Con una urgencia de descargar el cuerpo se levanta y se sienta en la bacinilla, al levantarse se mira al espejo, tiene 46 años y se le ha retirado del del servicio activo. Pero como dato curioso se le obliga a actuar como mujer. Así en Londres se le conoce como “Mademoiselle de Eón”.

Los días se suceden uno tras otro y ese mismo año muere el monarca Luis XV y es coronado su nieto el delfín Luis XVI. Se apresura, sale por la puerta de su casa, se sube a su carruaje y se dirige a París. En el camino se transforma, llega ahora como “el caballero de Eón” con el uniforme de capitán de la legión de honor y le suplica a su majestad su reincorporación al servicio, pero el nuevo rey y sus ministros no se lo permiten, y le niegan usar la personalidad masculina.

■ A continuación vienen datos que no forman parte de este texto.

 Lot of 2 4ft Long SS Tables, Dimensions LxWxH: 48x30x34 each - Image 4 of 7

Cuando conocí a mademoiselle, me recibió en su casa en Londres, estaba apunto de cumplir 81 años seguía manteniendo sus modales finos aristócratas y aunque escuchaba con dificultad, me recibió. Llevaba 33 años bajo forma femenina. Mi misión era entregarle un sobre donde venia el reglamento de la Logia de la “Mortalidad de Londres” a la cual pertenecía y se le recordaba que siendo miembro esta estaba limitada a: “Hombres buenos y sinceros, libres de nacimiento, de edad madura y discreta; ni fiadores, ni mujeres, ni hombres inmorales o escandalosos, sino de buena reputación (…) Sano y fuerte, ni deformado ni desmembrado al momento de la iniciación; ni mujer ni eunuco”.

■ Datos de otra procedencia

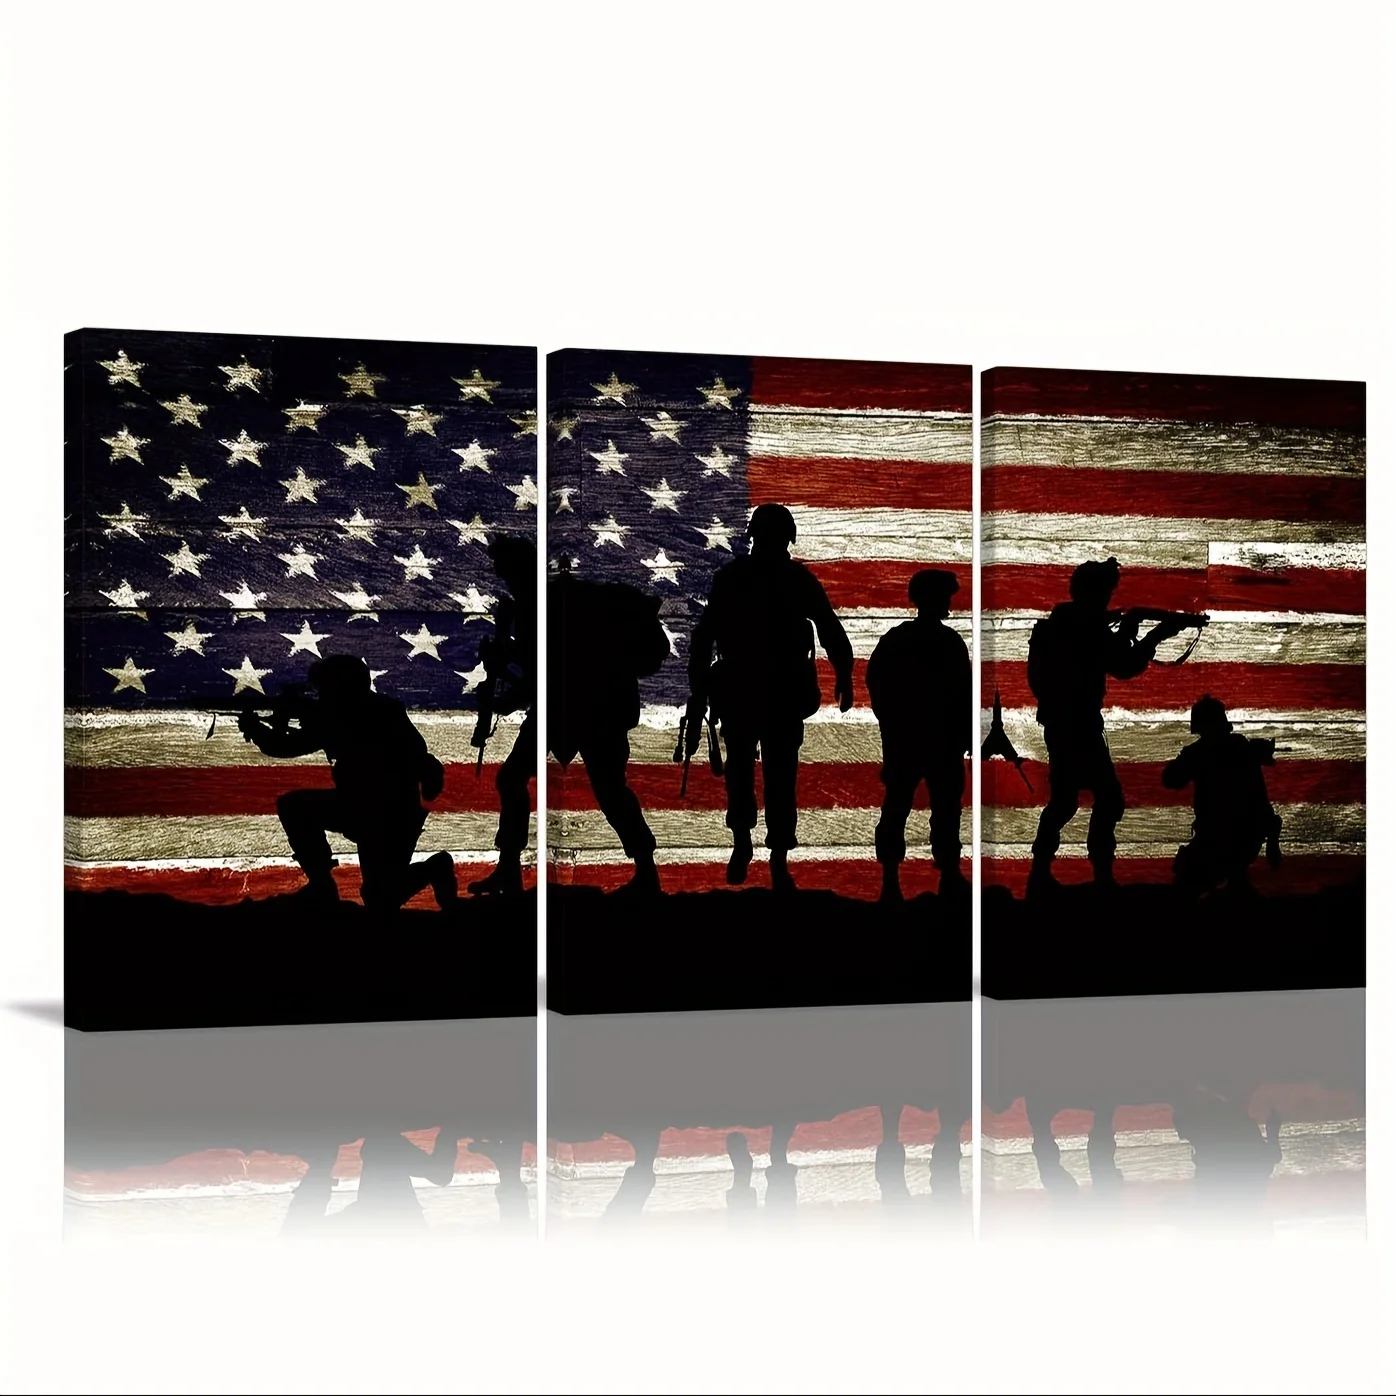 

3pcs Soldier Canvas Wall Art Set, Patriotic Military Silhouette, Independence Day Decor, USA Flag Print, Framed Home Decor, Rea

No pudo terminar de leer pues un buche de risa se le salió y las carcajadas, se oyeron por todas la casa. Recordó cómo lo llamaban “hermana masona”, pues siempre dudaron de su hombría y me dijo. ”Esta misiva debe tener algún error, fui expulsado hace más de treinta años, así que agradezco a quien tan amablemente se ha tomado la molestia de enviármela. Mientras salía de la casa acompañado del valet, miré la pared llena de esgrimas, floretes y espadas.

Pocos días después murió en su casa y al quitarle la ropa para su funeral, constataron que era hombre.